A piece of arithmetic should be shaping more product roadmaps than it currently does.
If each step in a multi-step agent workflow succeeds 95% of the time, a 20-step workflow completes about 36% of the time. Every individual step looks reliable. Multiplication is just unforgiving.
| Steps in workflow | End-to-end success at 95%/step | End-to-end success at 97.5%/step |
|---|---|---|
| 5 | 77% | 88% |
| 10 | 60% | 78% |
| 20 | 36% | ~60% |
The curve is steep and it does not negotiate.
And 95% is generous. The best models on SWE-bench Pro score around 23% on coding tasks requiring multi-step reasoning. These are structured domains with well-defined success criteria. The live web, with shifting layouts and adversarial detection, is less forgiving still.
What the math forces
You can see compound error rates reshaping production most clearly in what organizations actually ship.
A UC Berkeley study surveying 306 practitioners found that 47% of production agents execute fewer than five steps before requiring human intervention. Sixty-eight percent cap at ten. In the study's detailed case analyses, 80% use predefined static workflows rather than open-ended autonomy. The researchers describe this as deliberate engineering. Organizations are building to the math.
Call it workflow compression: the distance between what teams design on a whiteboard and what they deploy.
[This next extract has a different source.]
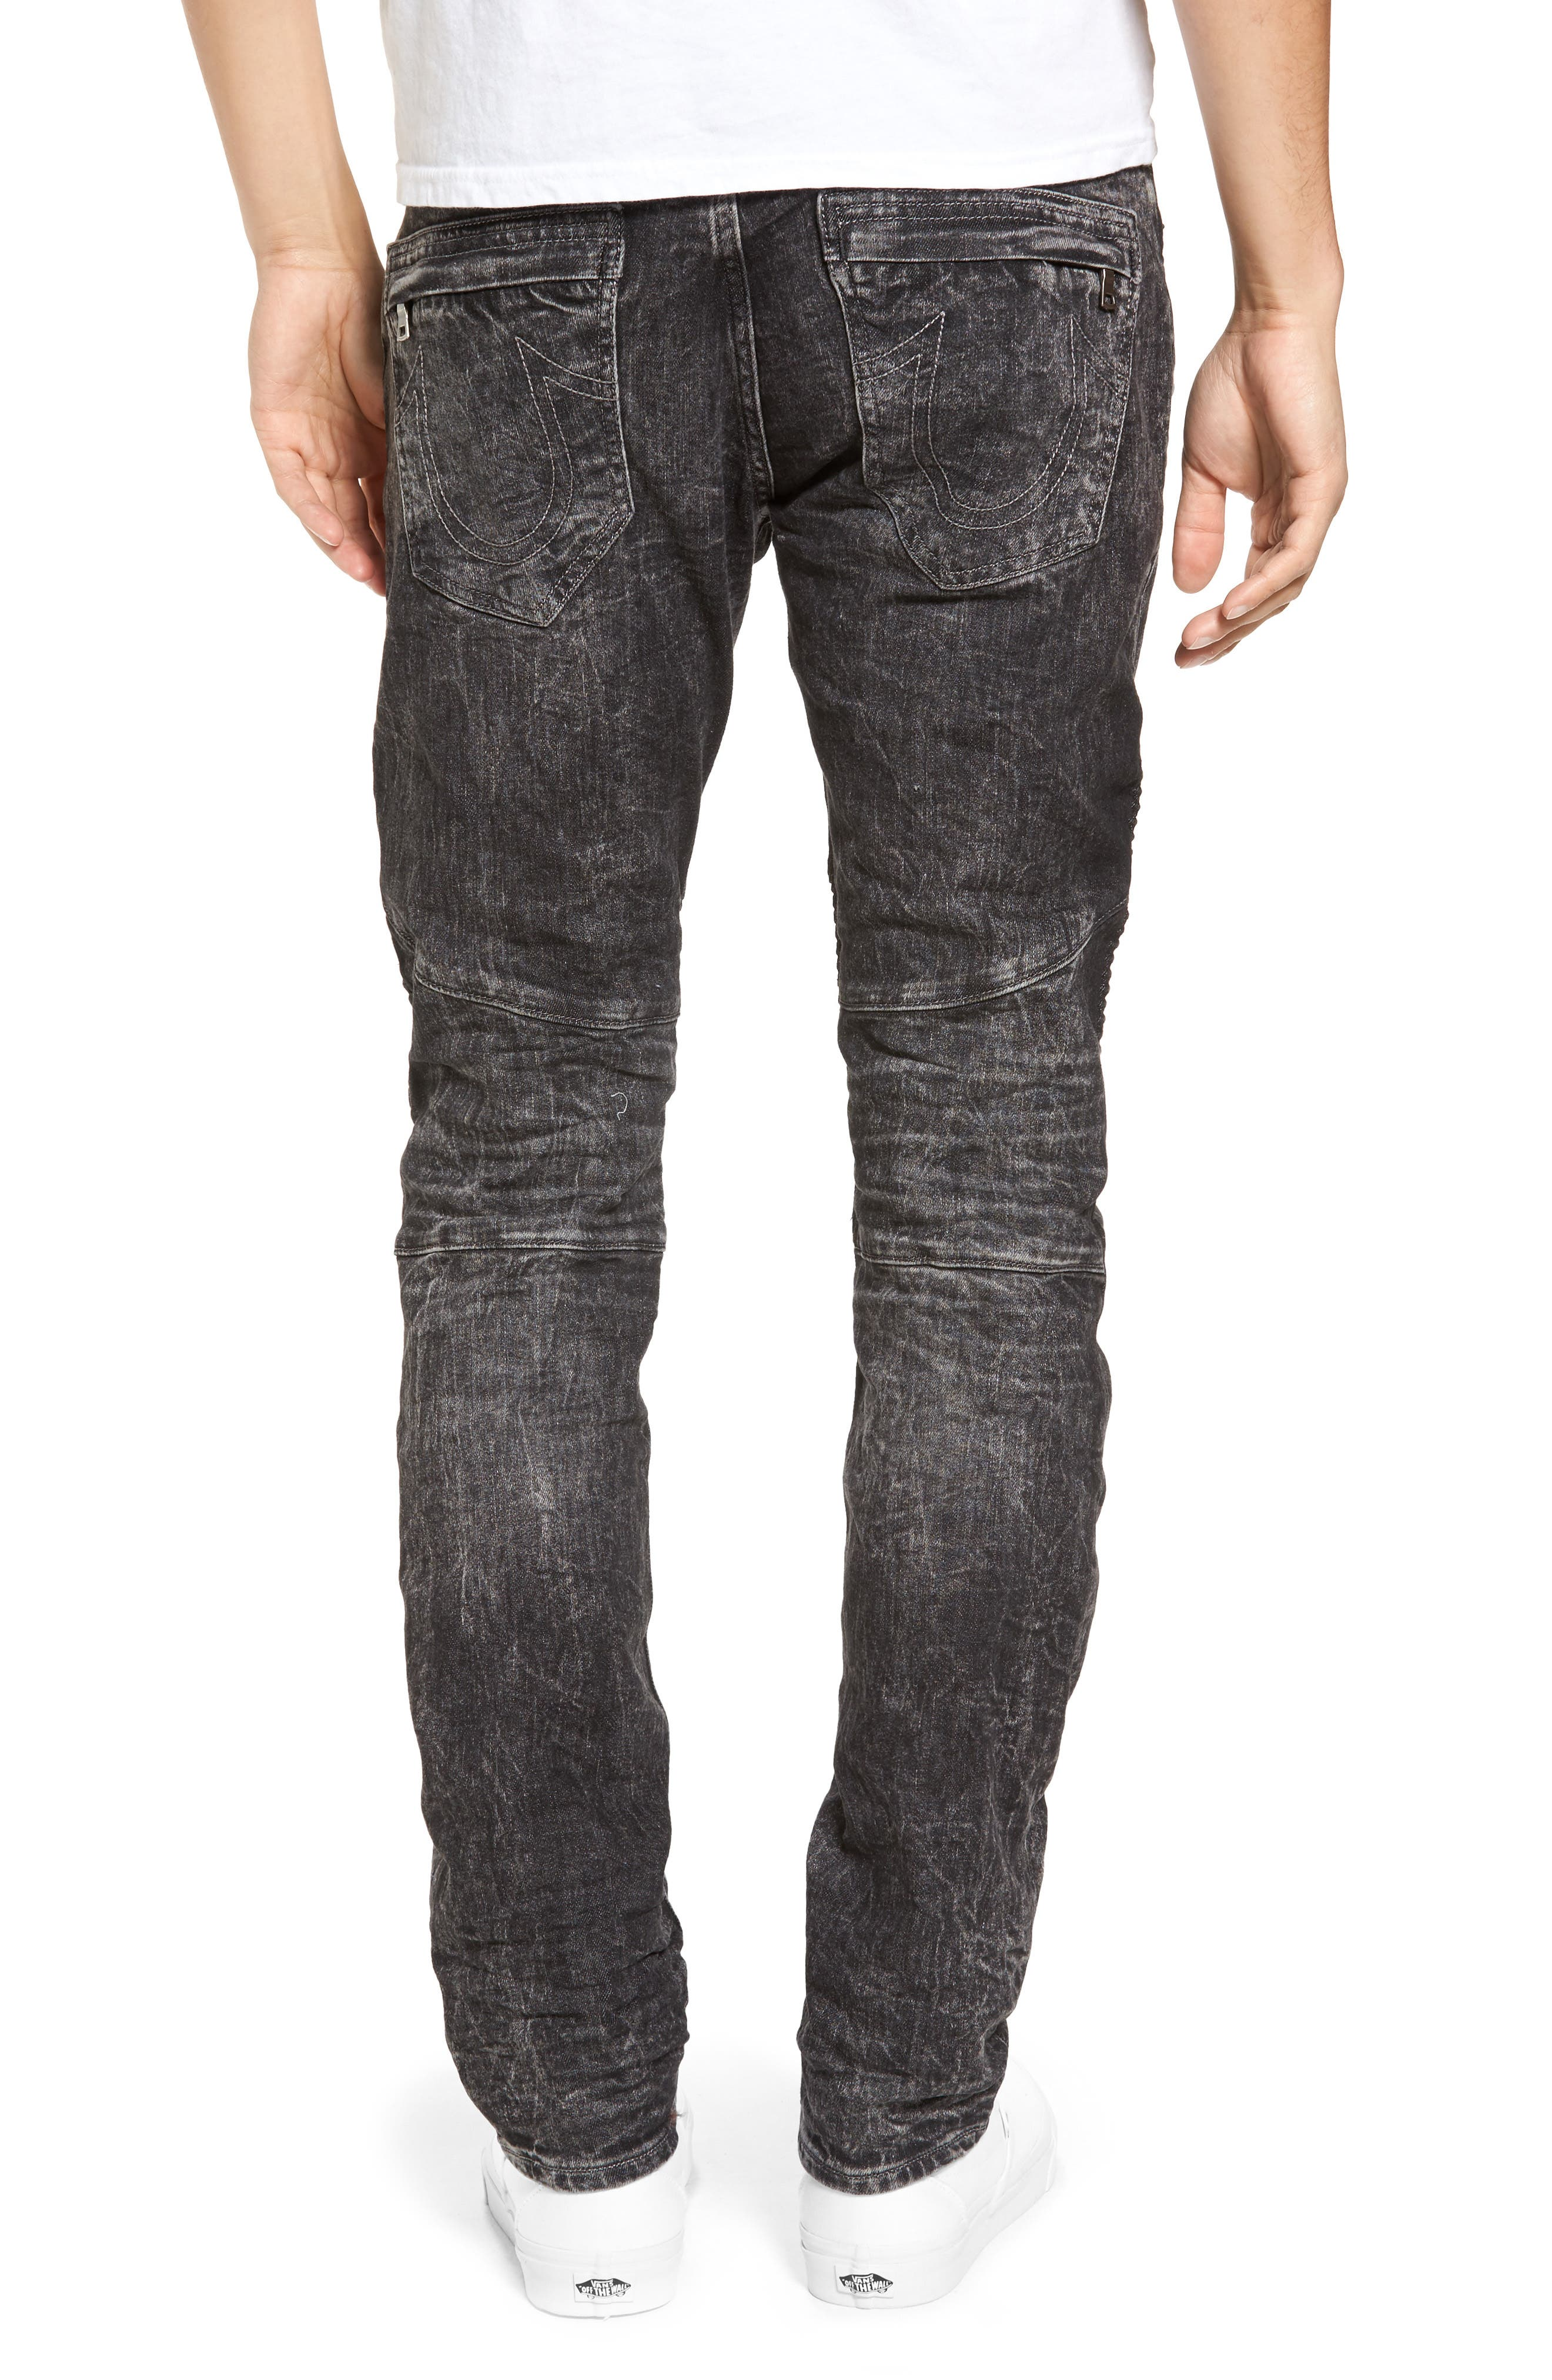 Rocco Skinny Fit Jeans,                             Alternate thumbnail 3, color,                             Dark Raven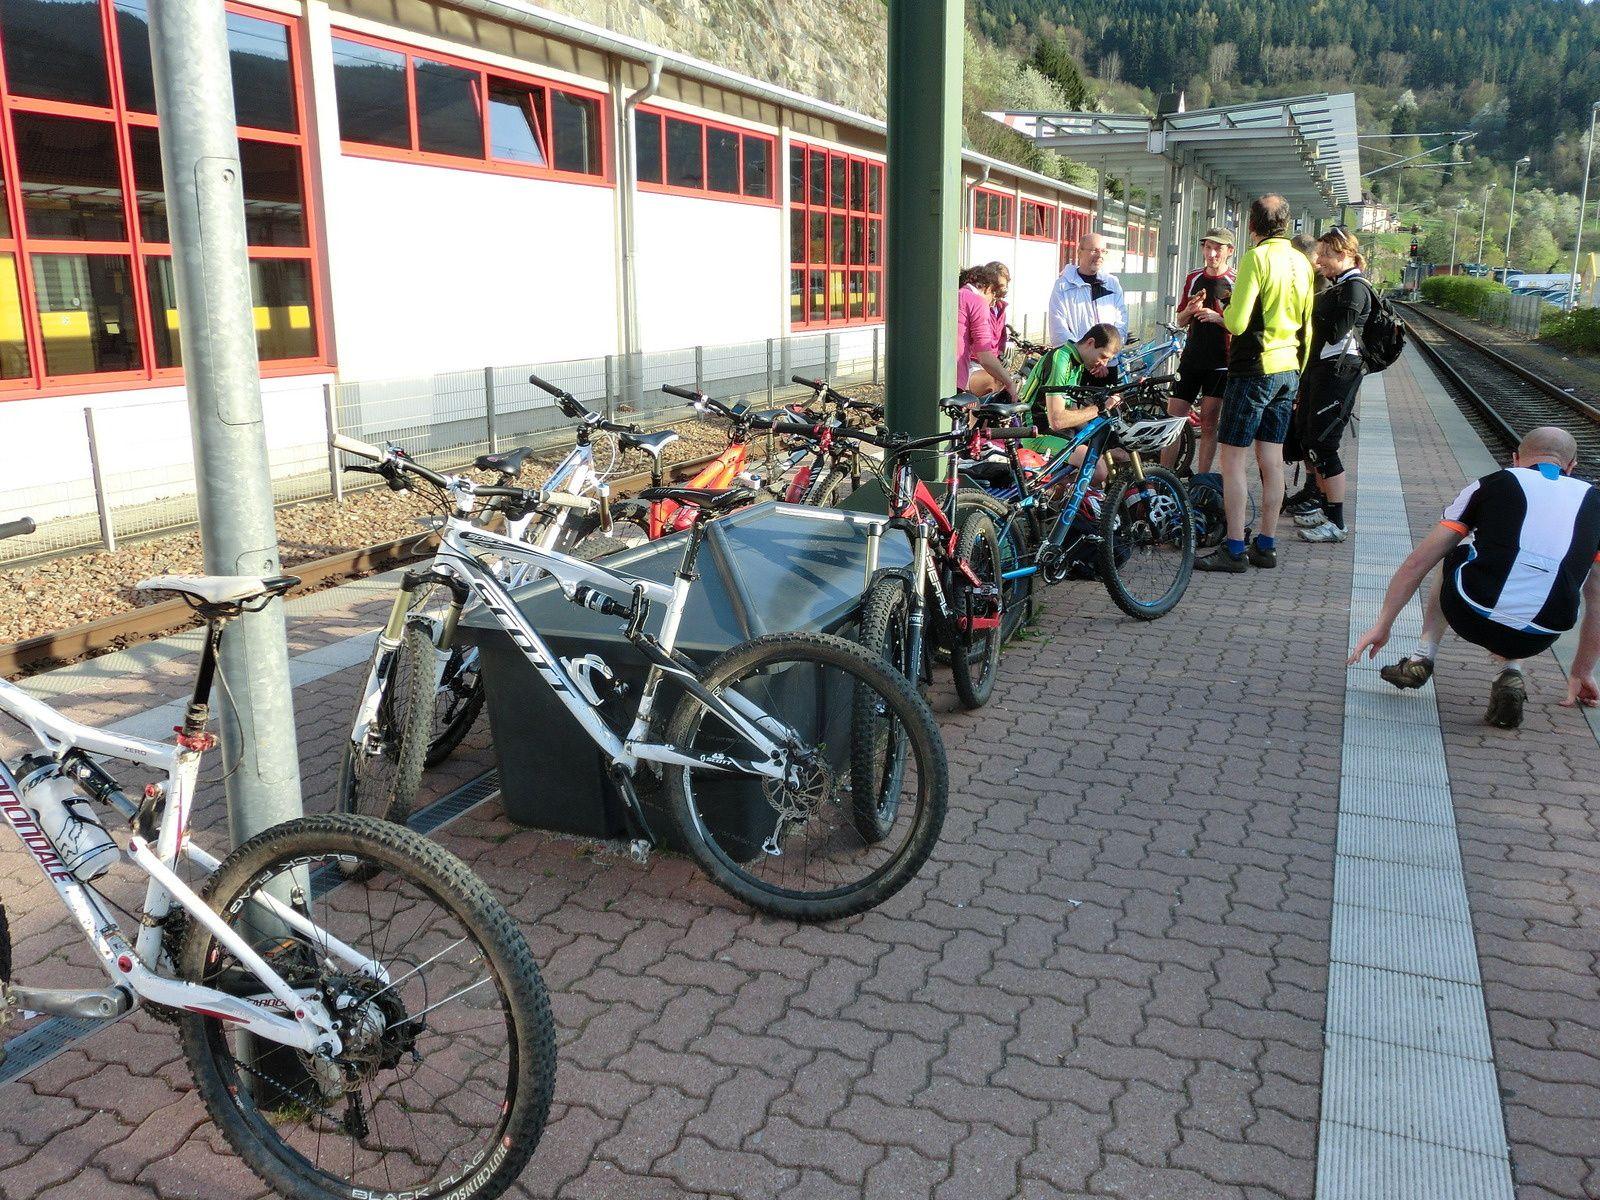 VTT Schwarzenbach Stausee - 6 avril 2014

Ambitious multi-step architectures get shortened, checkpointed, and bounded until end-to-end success rates clear a usable threshold. Anthropic's own guidance on building agents makes the point directly:
"Optimizing single LLM calls with retrieval and in-context examples is usually enough."
The vendor building frontier models is telling you to use fewer steps.
What each nine costs
The path from demo to production has been described as a "march of nines": getting from 90% to 99% to 99.9% reliability, where each additional nine requires roughly the same effort as the last.
One widely cited estimate puts it starkly: reaching 80% reliability takes 20% of the effort, but production demands 99% or better, and that last stretch can take 100x more work.
This creates a specific economic bind for longer workflows. The human checkpoints that make ten-step chains viable were supposed to be temporary scaffolding. Improving step reliability from 95% to 99% requires systems work, a different kind of engineering than improving from 80% to 95%. Better prompts won't close that gap. While that systems work proceeds, the checkpoints persist.
The Berkeley study found 74% of production agents depend primarily on human evaluation. Think about what that means for the business case. The automation was justified by replacing task labor. Yet every chain longer than five steps still needs a human reviewing intermediate outputs, approving handoffs, catching confident-but-wrong results. The labor has migrated. Someone still exercises judgment, only now about system behavior on top of domain knowledge. That kind of oversight tends to cost more. And the oversight required to make longer chains viable starts consuming the savings that justified automating them. The business case hollows out gradually, not in a single visible collapse.
Single-step benchmarks, multi-step terrain
The industry measures progress in single-step capability. Benchmark scores improve. Reasoning gets sharper. Context windows expand.
All genuine advances. The multiplication problem remains untouched by any of them. Halving the failure rate at each step, from 95% to 97.5%, takes a 20-step workflow from 36% end-to-end success to about 60%. Better, genuinely. Still nowhere near production-viable. Still nothing you'd build a business process around.
How many decision points a workflow requires ends up mattering more than how smart the agent is at any given one of them.
Organizations deploying agents into production already understand this. They build short, checkpointed, tightly scoped workflows. The industry's investment thesis, its benchmarks, its product roadmaps, still largely optimizes for single-step performance and deploys into multi-step terrain. The math doesn't care about the roadmap. It's already determining which workflows survive contact with production and which quietly get shortened until they do.
Things to follow up on...
- Amazon's evaluation rethink: Amazon's engineering blog describes how building thousands of internal agents since 2025 forced a fundamental shift in evaluation methodologies away from model performance toward whole-system success rates.
- LangChain's production survey: The State of Agent Engineering survey of 1,340 practitioners found that quality, not capability, is the top production barrier at 32%, with 94% of production agents already having observability in place.
- Graph-based execution replacing chains: One infrastructure analysis argues that graph-based execution has definitively replaced linear chains in production, partly as an architectural response to compound error rates in sequential workflows.
- Gartner's cancellation forecast: Over 40% of agentic AI projects are expected to be canceled or fail to reach production by 2027, a figure corroborated by S&P Global data showing organizations scrap 46% of AI proof-of-concepts before deployment.